[DATA SEGMENT]

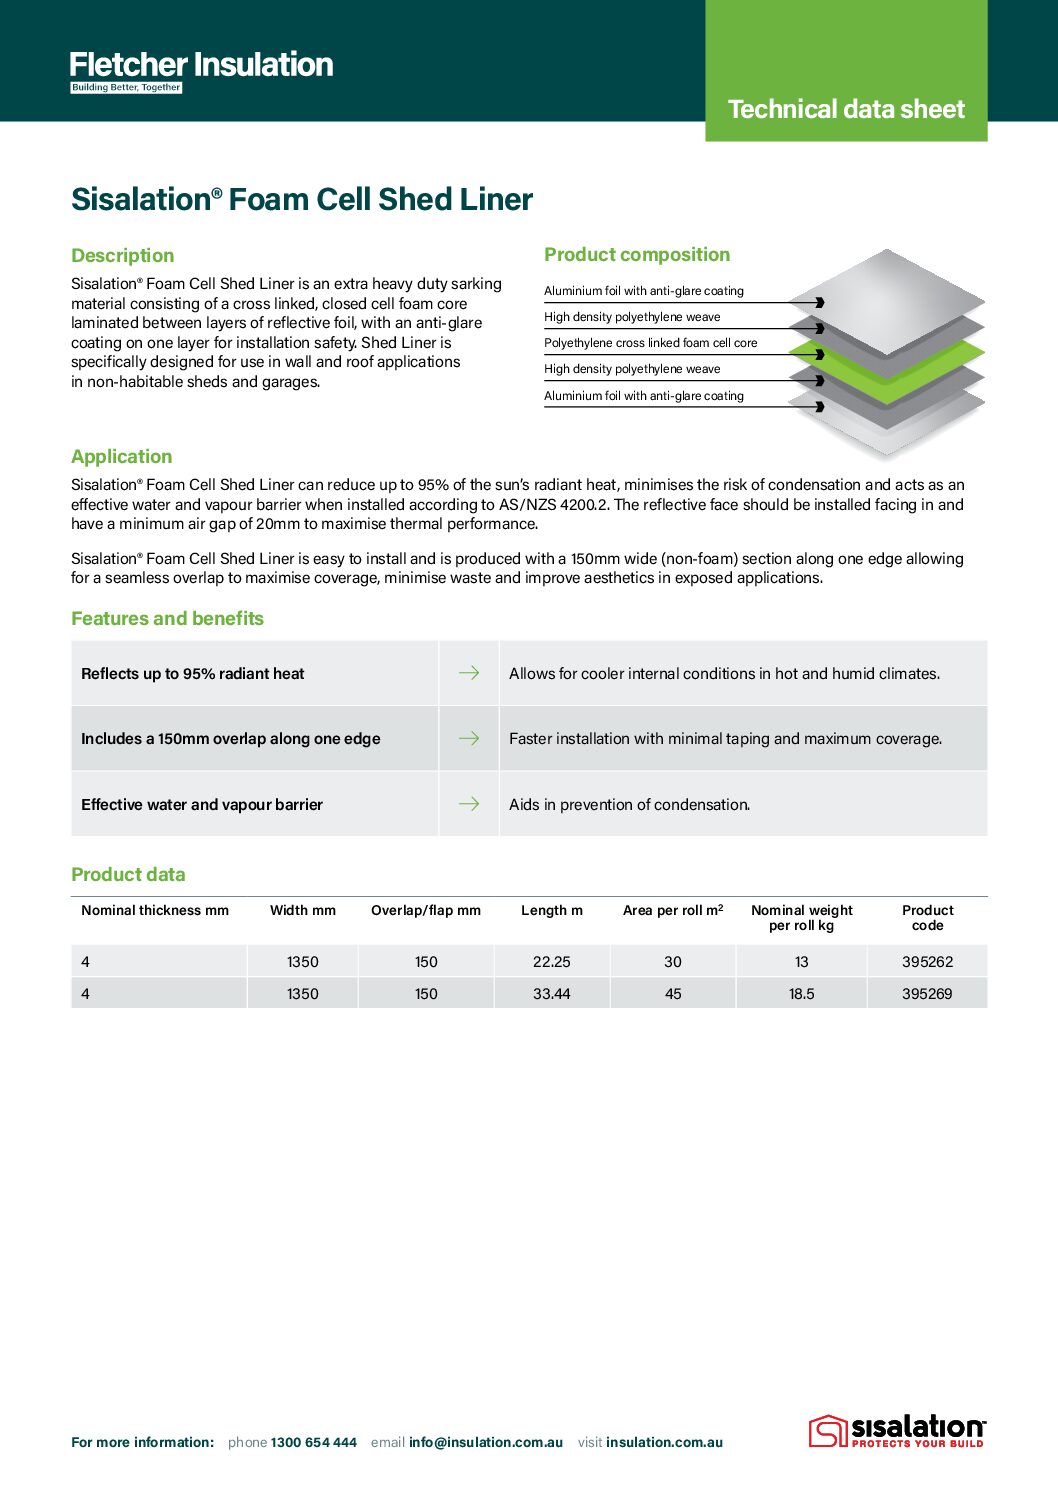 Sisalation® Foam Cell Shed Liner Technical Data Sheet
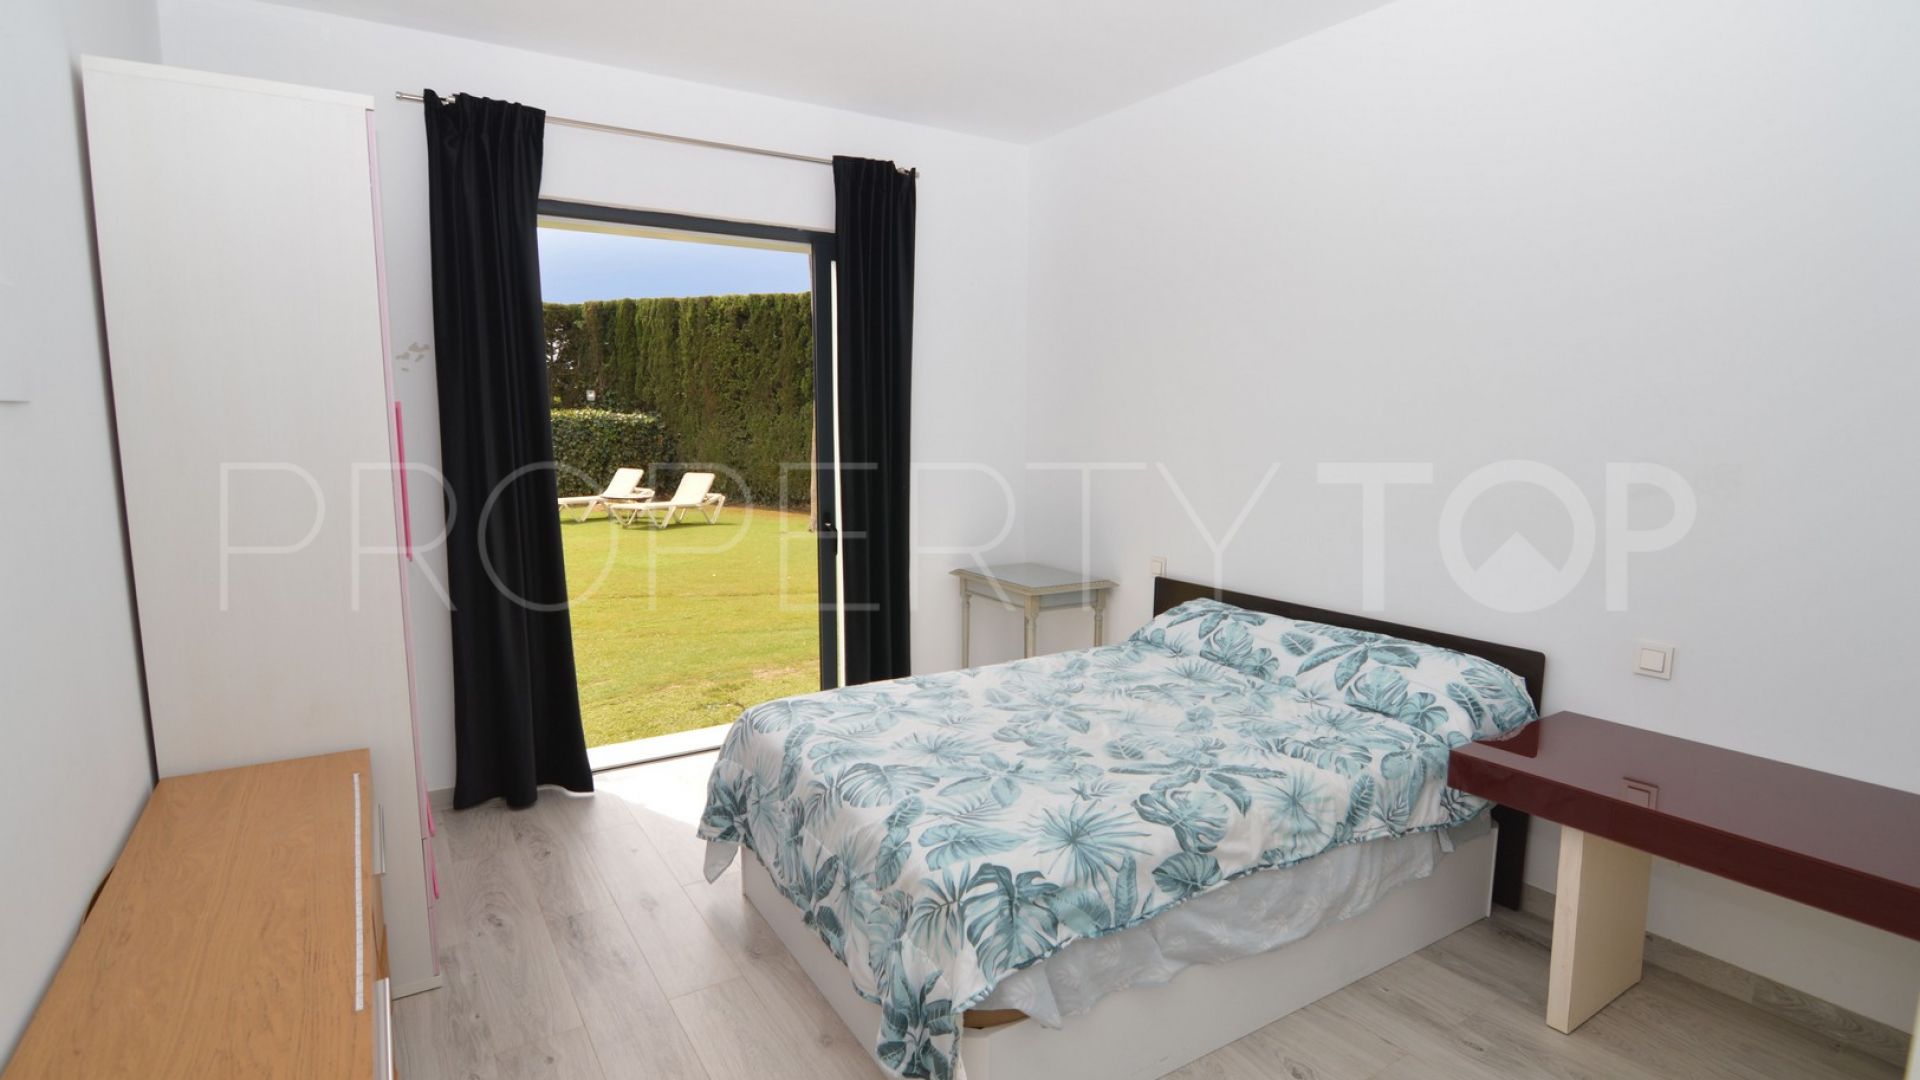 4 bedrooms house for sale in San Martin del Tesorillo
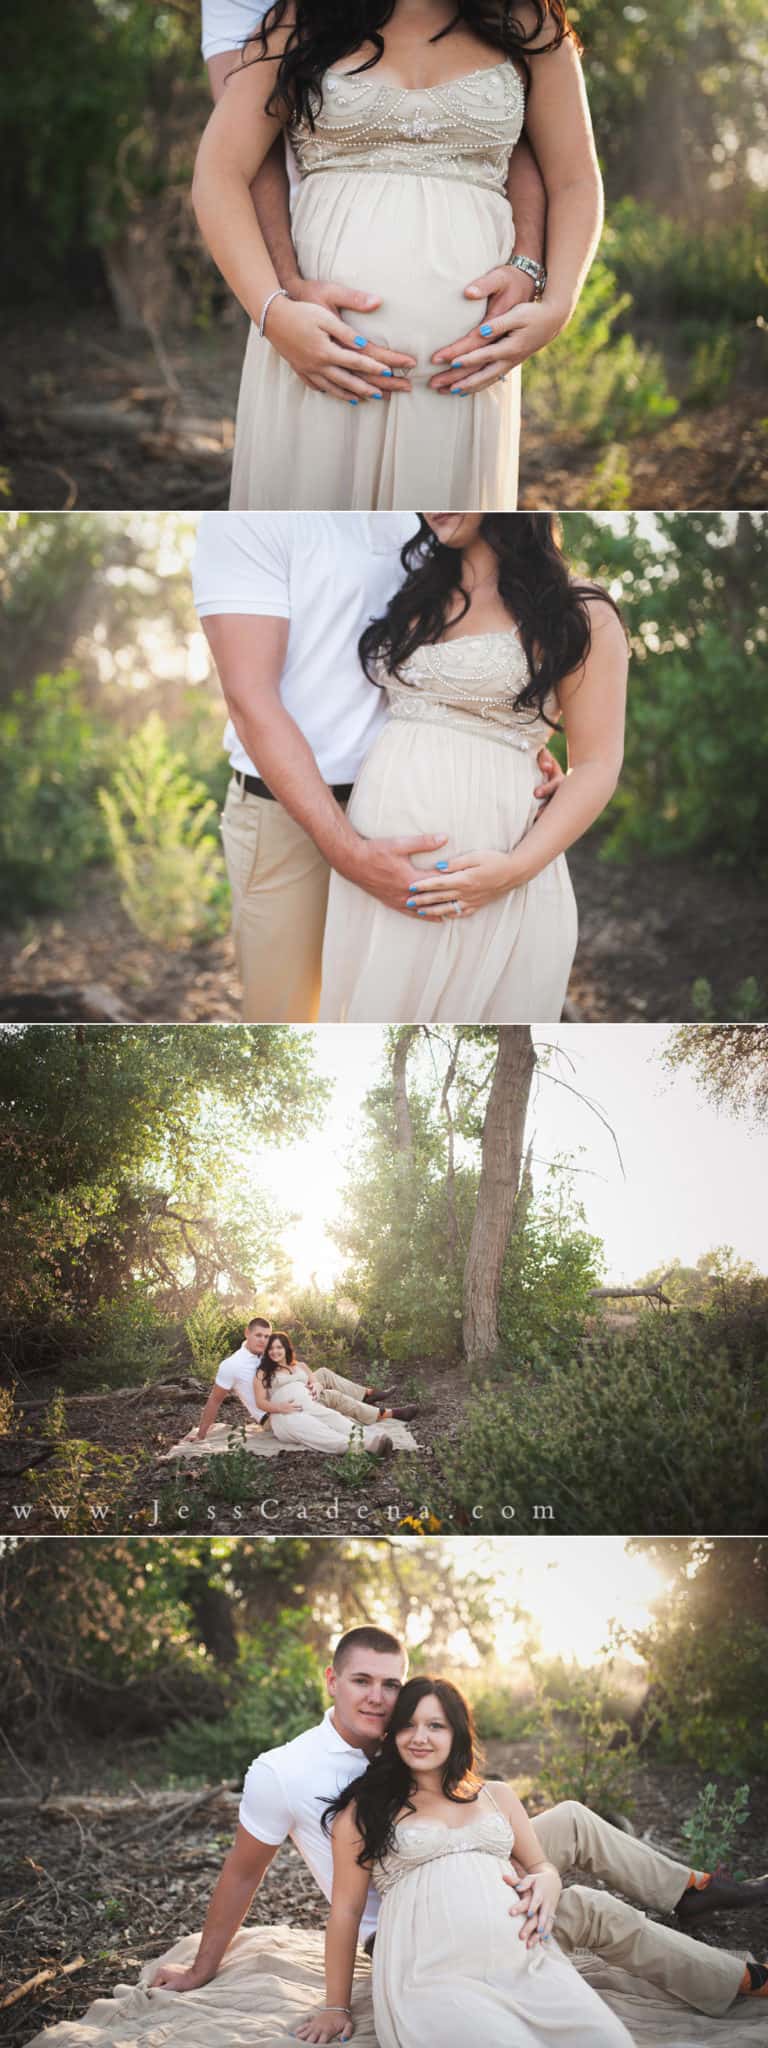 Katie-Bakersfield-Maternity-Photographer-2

[/DATA SEGMENT]

◆ WHAT TO DO:
Do not include the pictures. Quote only the lines from the line with "4 bedrooms house" through the end of the material, both ends included, exactly.

◆ WRITTEN ANSWER:
 4 bedrooms house for sale in San Martin del Tesorillo
 Katie-Bakersfield-Maternity-Photographer-2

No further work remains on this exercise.